TASK TO CARRY OUT: Copy out exactly the lines below that run from the one holding "Estrelasazuis Cintilantes Em" to the one holding "Amazon Career choice", keeping both of those lines and no others.

*** SUPPLIED MATERIAL

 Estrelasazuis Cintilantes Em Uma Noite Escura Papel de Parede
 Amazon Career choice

******
*** SUPPLIED MATERIAL

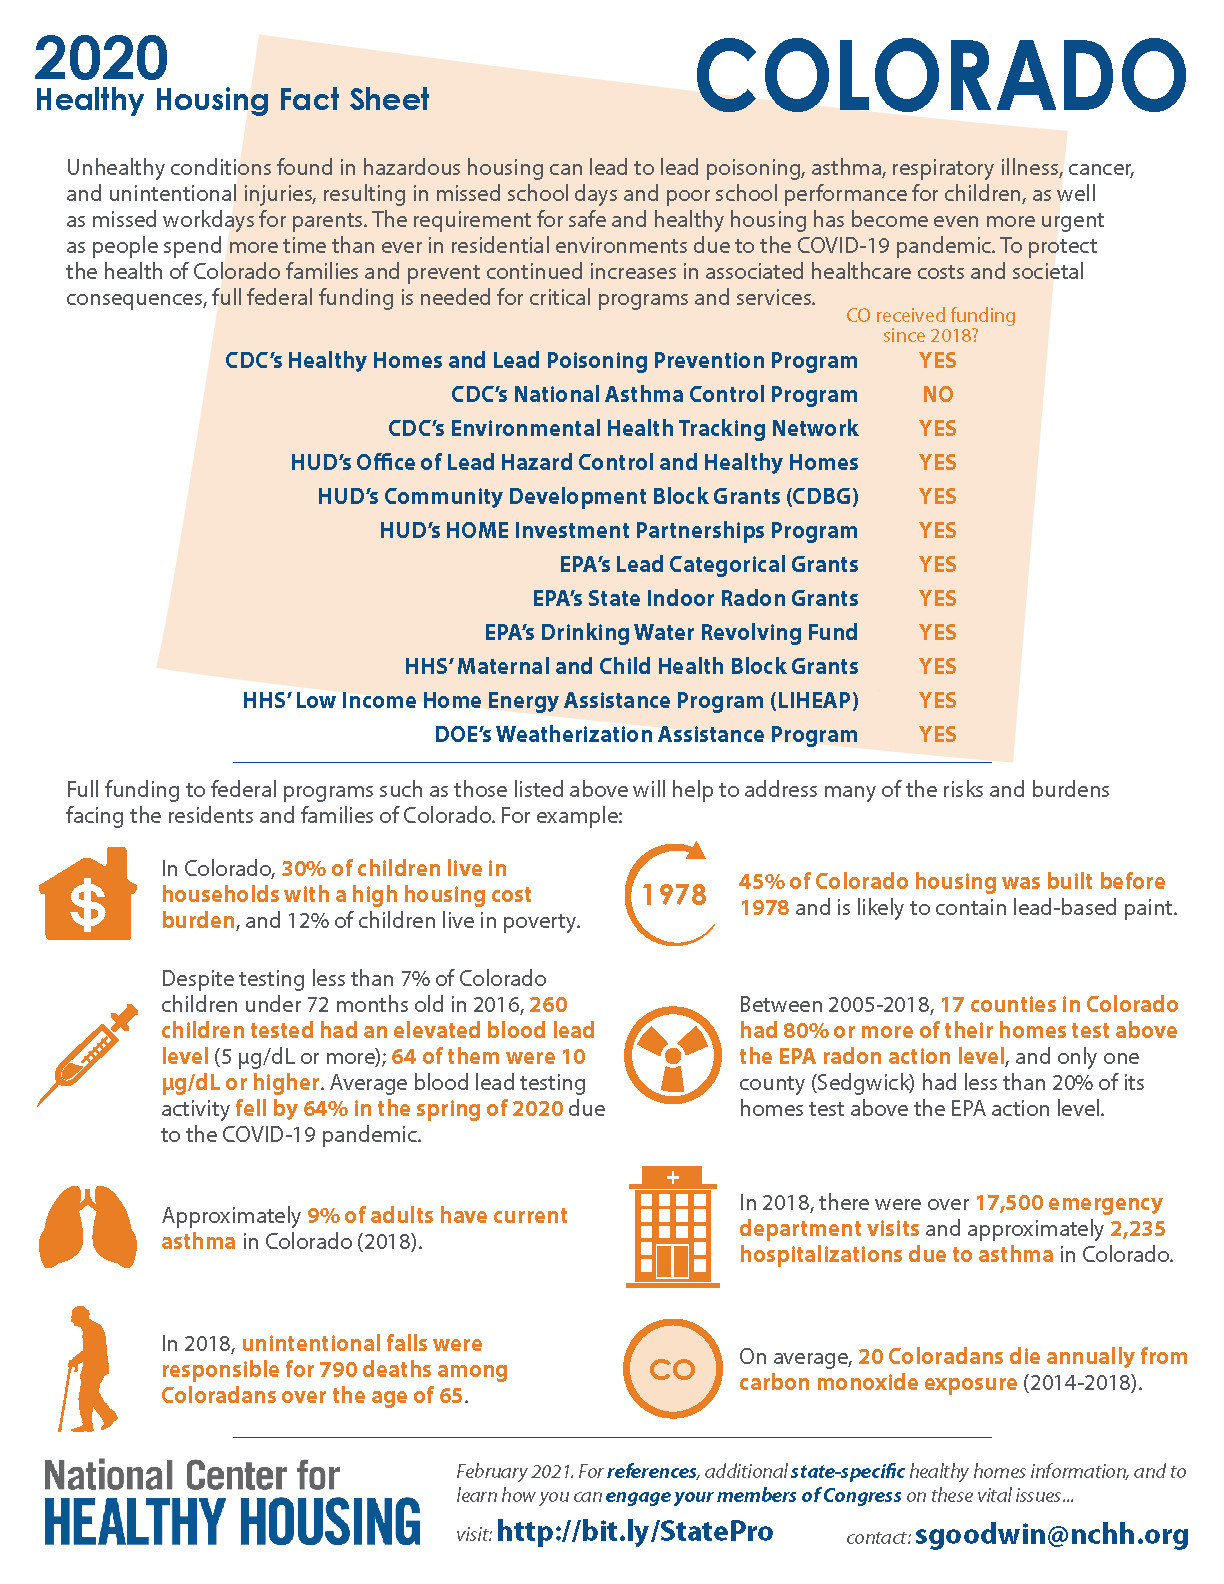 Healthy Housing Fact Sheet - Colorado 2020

******

RESPONSE:
 Estrelasazuis Cintilantes Em Uma Noite Escura Papel de Parede
 Amazon Career choice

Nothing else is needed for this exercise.